» **What you will do**: Using the listing below, reproduce exactly the lines from the one with "floorplan image of unit id 0714" through the last, with all pictures left out.

» **Data**:
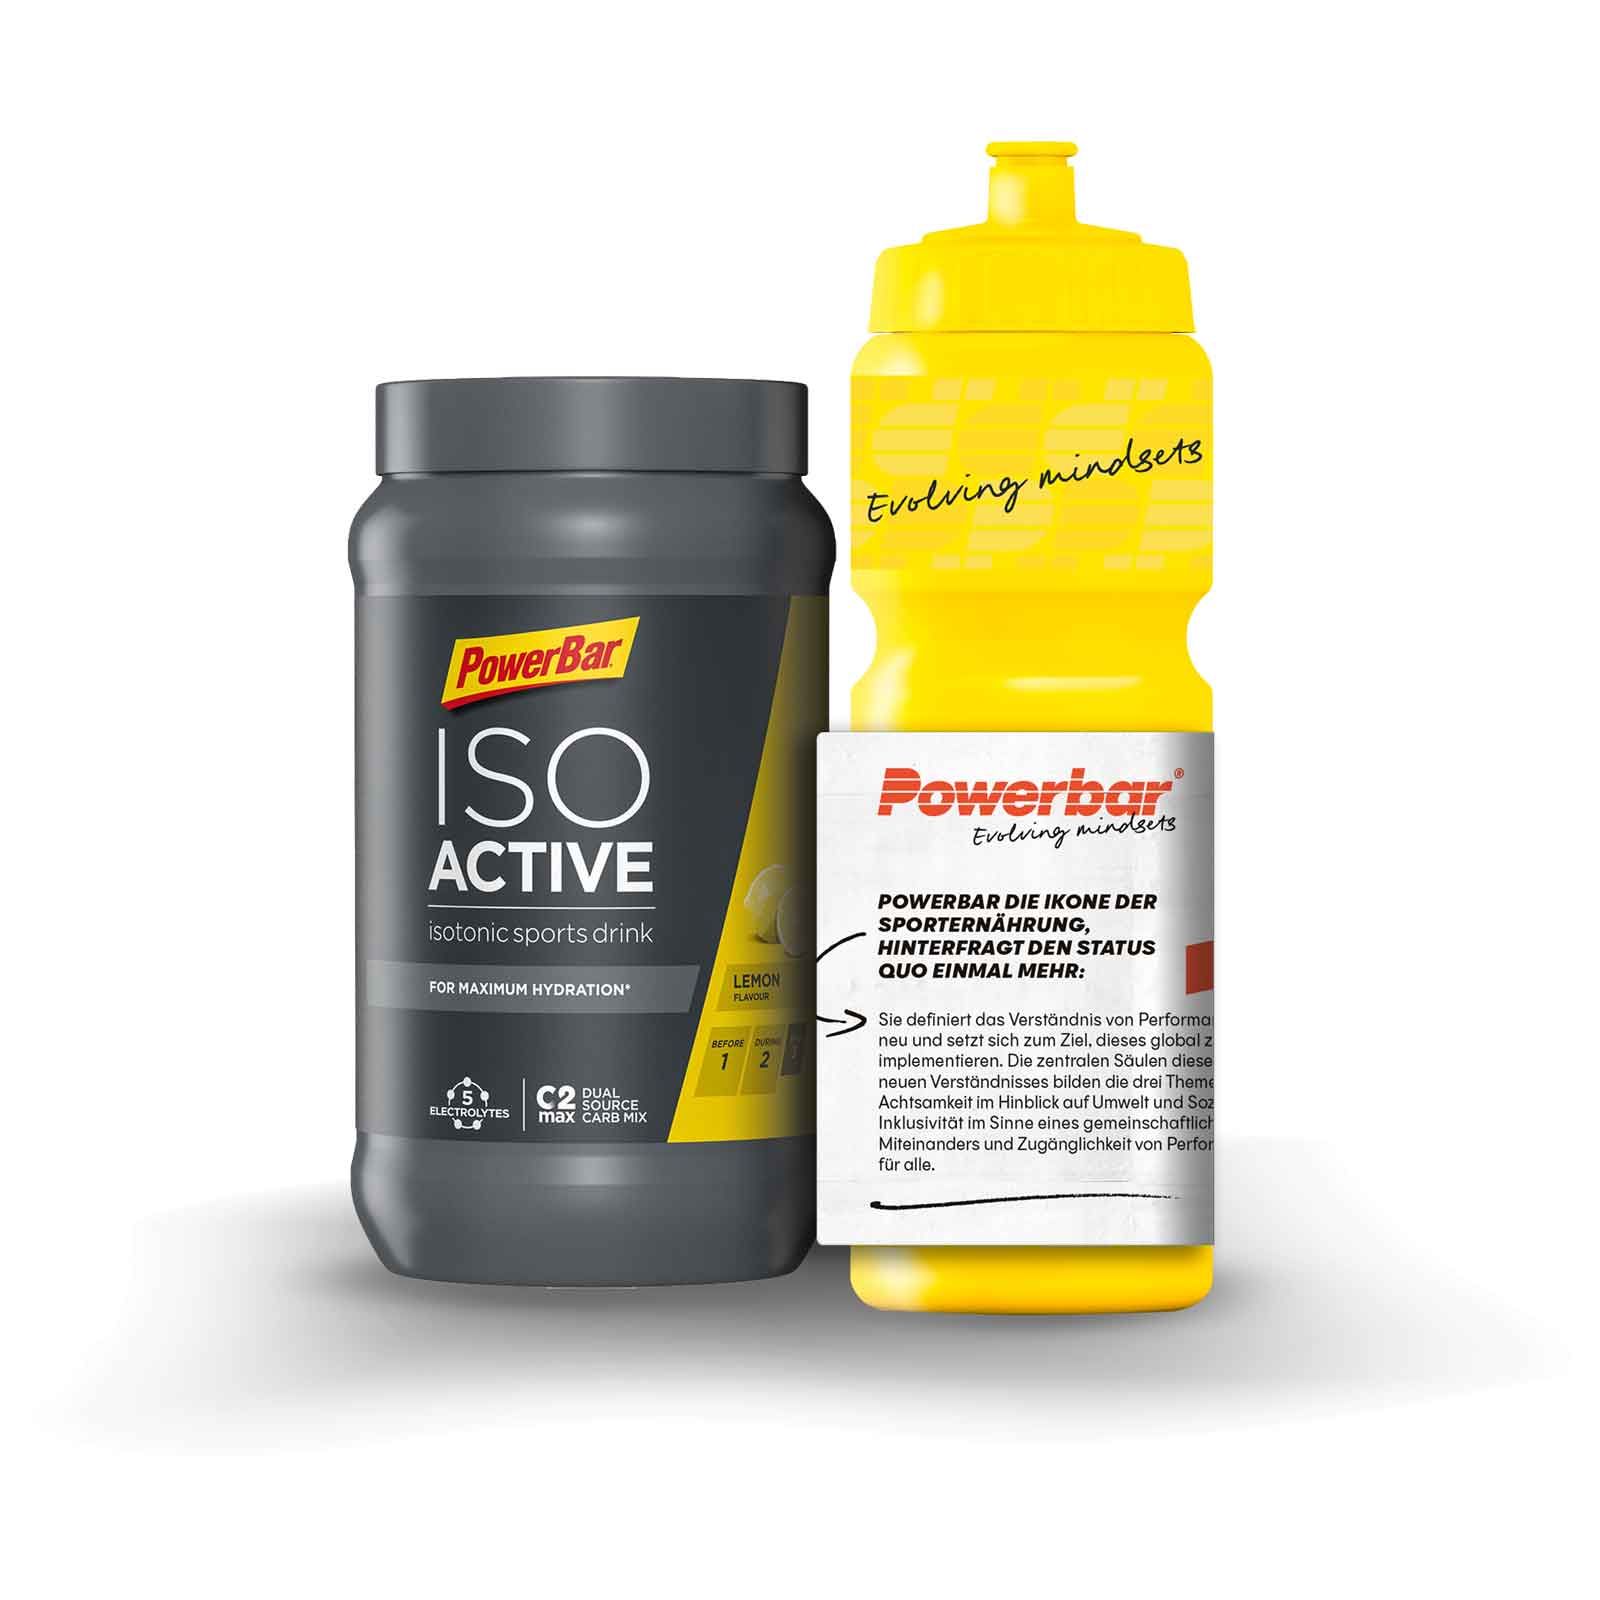 Bild von Powerbar IsoBottle OnPack - Isoactive Sports Drink 600g + Trinkflasche 750ml
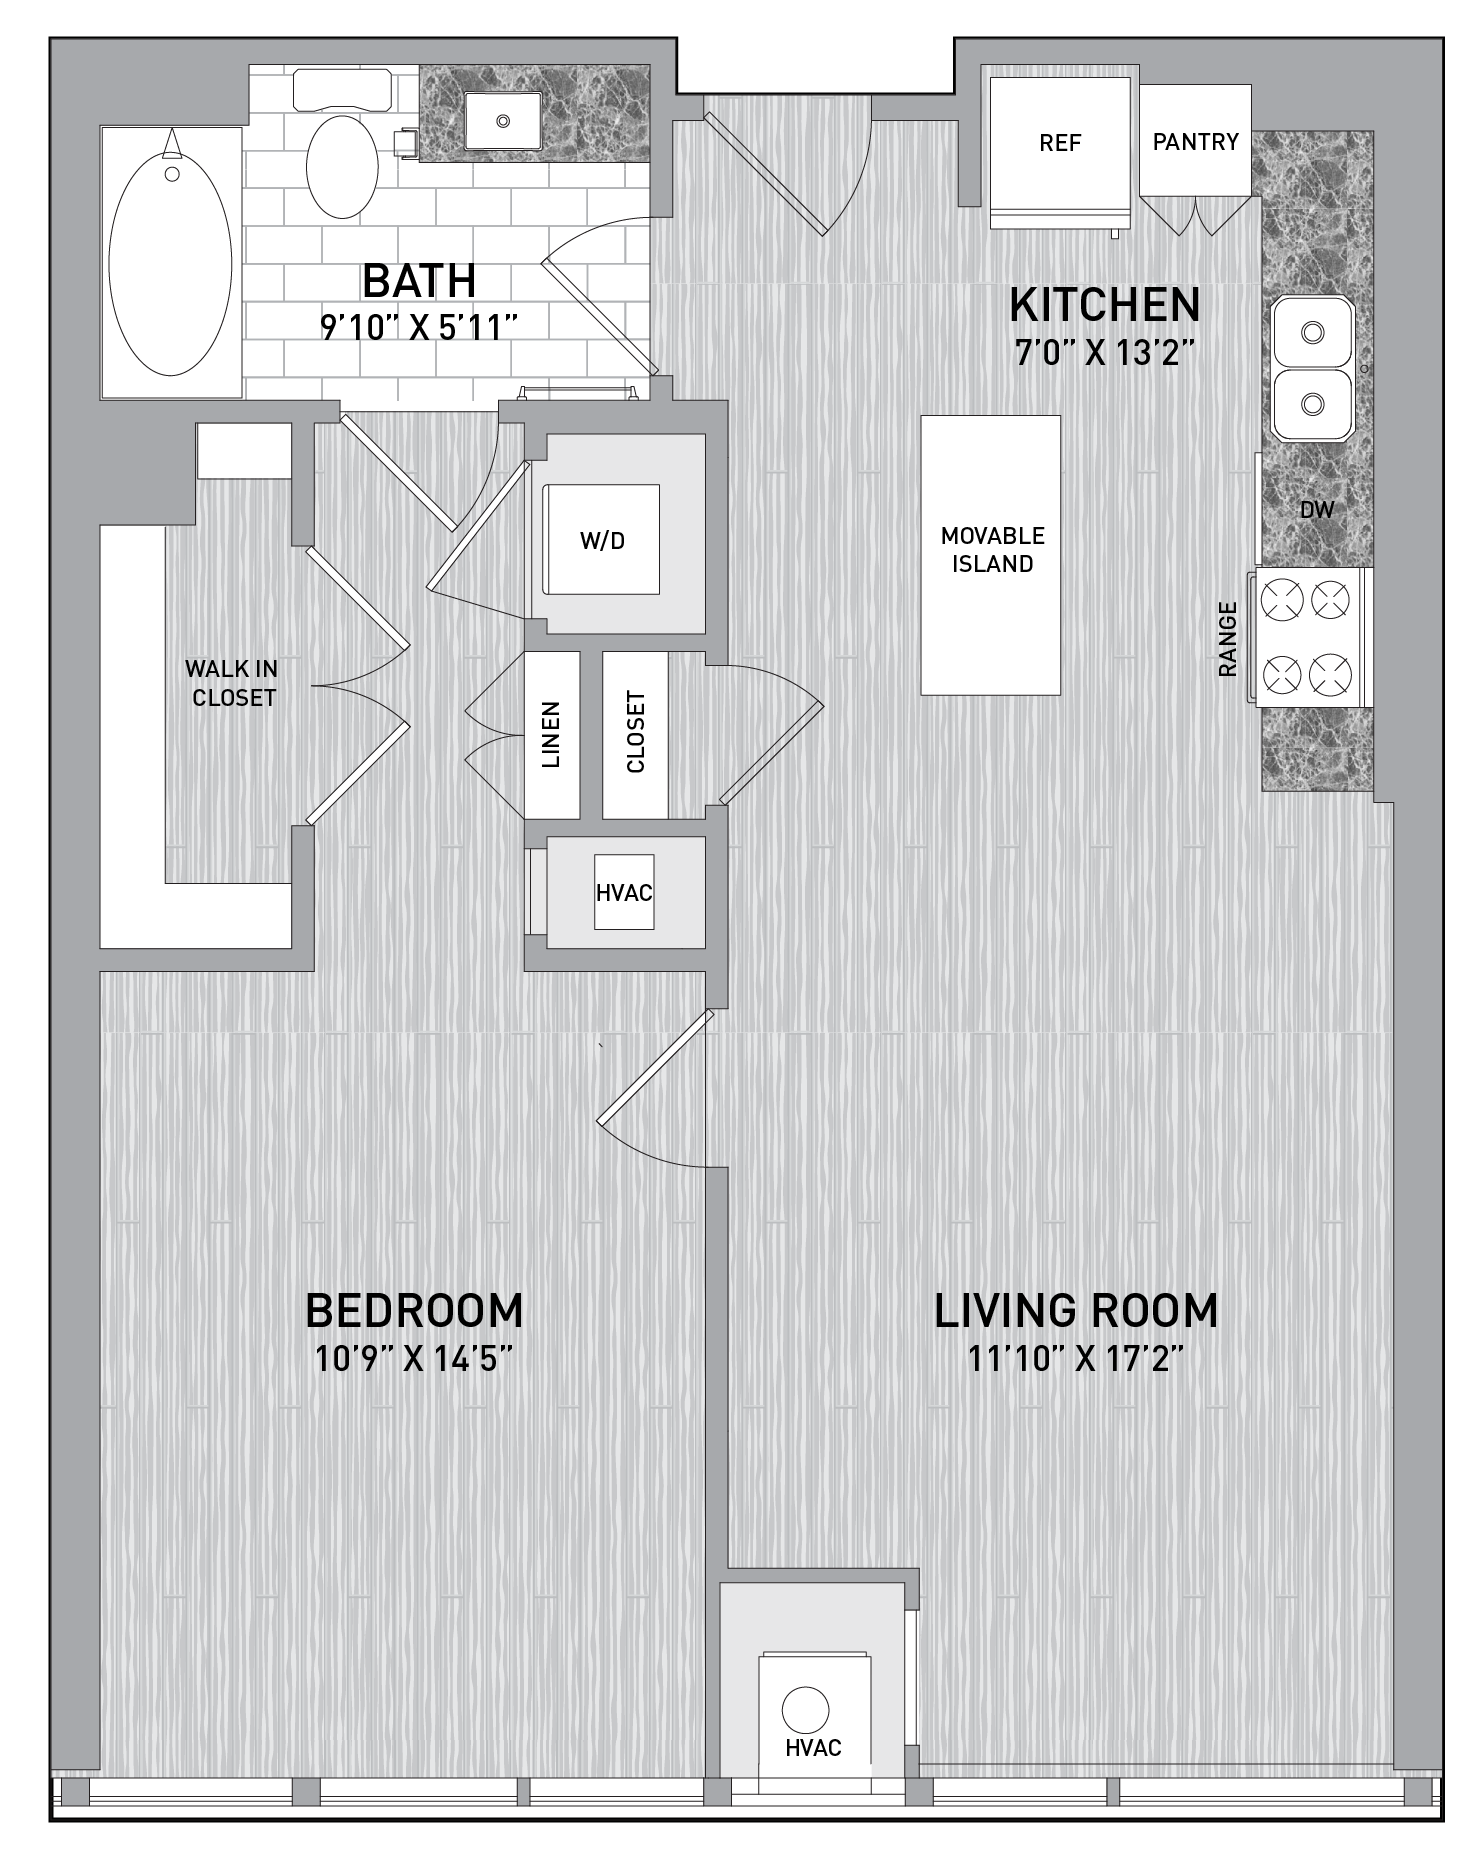 floorplan image of unit id 0714
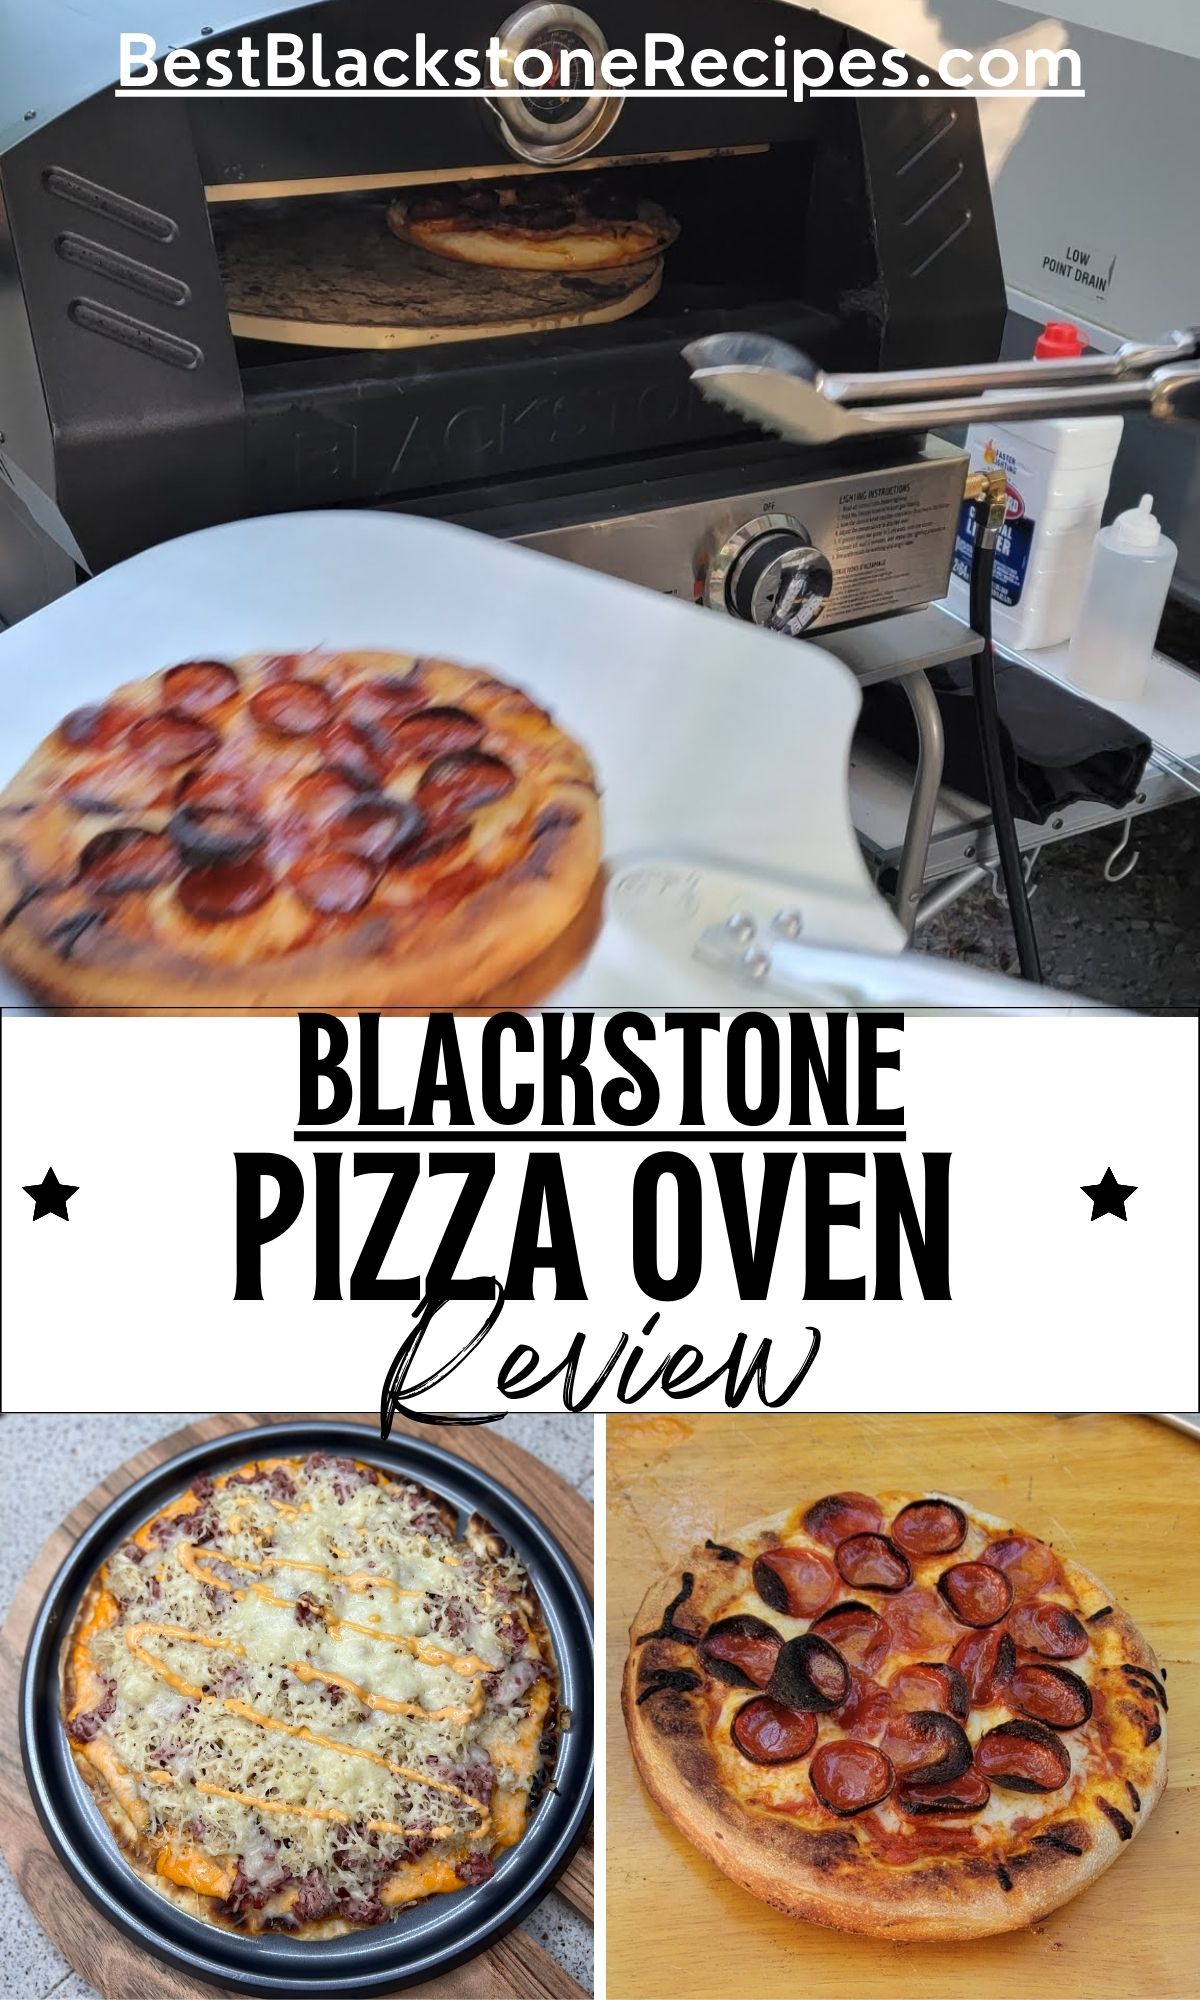 Blackstone pizza oven review.

» **Reply to the exercise**:
 floorplan image of unit id 0714
 Blackstone pizza oven review.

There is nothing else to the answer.